ANC Western Cape secretary Faiez Jacobs.
Factionalism will be a thing of the past in the African National Congress in the Western Cape after their elective congress. Or so they hope.
The party has been faced with deep divisions, dwindling support and a lack of confidence in their leadership, but newly re-elected ANC Western Cape chairperson Marius Fransman said he would be having none of it.
Speaking at a press briefing on Tuesday, days after he was elected to serve as chairperson for another four years, Fransman said what the elective conference had done in electing the new provincial executive committee (PEC) was to force various factions to unite.
“I have always said the ANC must unite; it must defactionalisel; it must work against divisions. Conference has told the ANC in the Western Cape to stop factionalising because what we have now is an organic development of leadership.”
Fransman debunked reports the top five in the PEC was “too coloured”, saying they were a strong, diverse team. He said those elected — including deputy chairperson Khaya Magaxa — were not necessarily from the “Fransman camp”, which he said showed the level of unity which had now emerged.
New provincial secretary Faiez Jacobs said the composition of the new PEC, which includes Seskhona leader Andile Lili, had been a compromise of different divisions within the party.

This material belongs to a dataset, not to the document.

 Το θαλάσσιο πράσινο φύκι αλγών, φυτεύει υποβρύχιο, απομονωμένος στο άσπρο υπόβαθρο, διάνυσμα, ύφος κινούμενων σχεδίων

“We’ve been able to unify the majority of ANC branches [and] structures in that committee and we look at how we accommodate everybody,” said Jacobs on Tuesday.

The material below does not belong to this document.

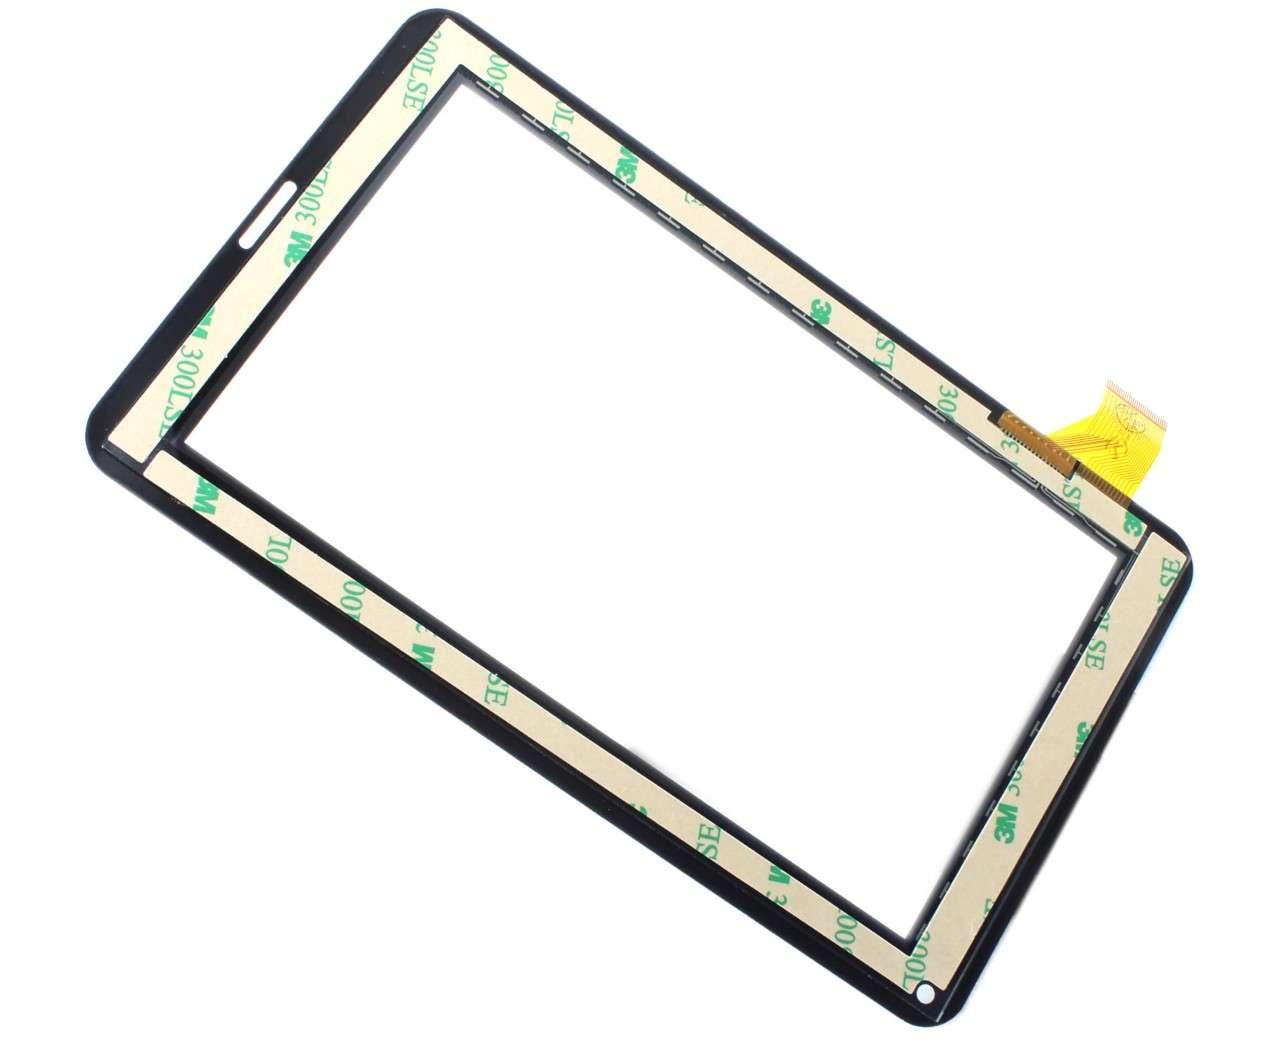 Touchscreen Digitizer GoClever Terra 70 Geam Sticla Tableta imagine powerlaptop.ro 2021

Fransman repeated the need for the party to make inroads into the coloured communities in the Western Cape in the build-up to the local government elections in 2016 and admitted that it would not be an overnight project.

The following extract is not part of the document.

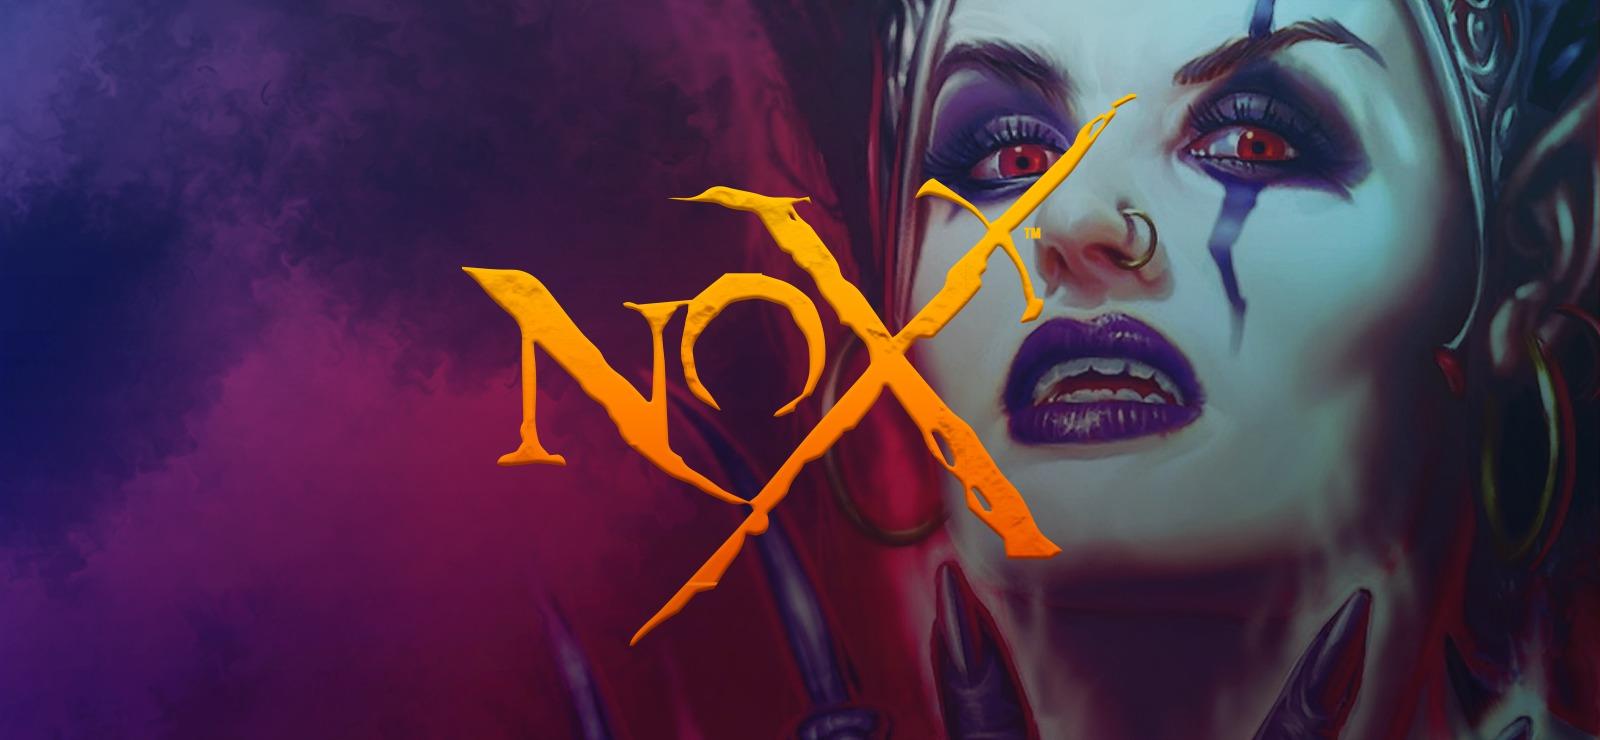 Nox um rpg no estilo de diablo est gratuito no origin wasd stopboris Choice Image

Speaking about holding branch leaders and PEC members accountable – as well as holding them to the standards of their performance agreements — Fransman said each leader had a responsibility with regards to recruitment in the party’s bid to gain over 100 000 new members by end of the year.
The ANC in the Western Cape held its elective congress at the Cape Peninsula University of Technology over the weekend, where former secretary Songezo Mjongile was edged out by Jacobs.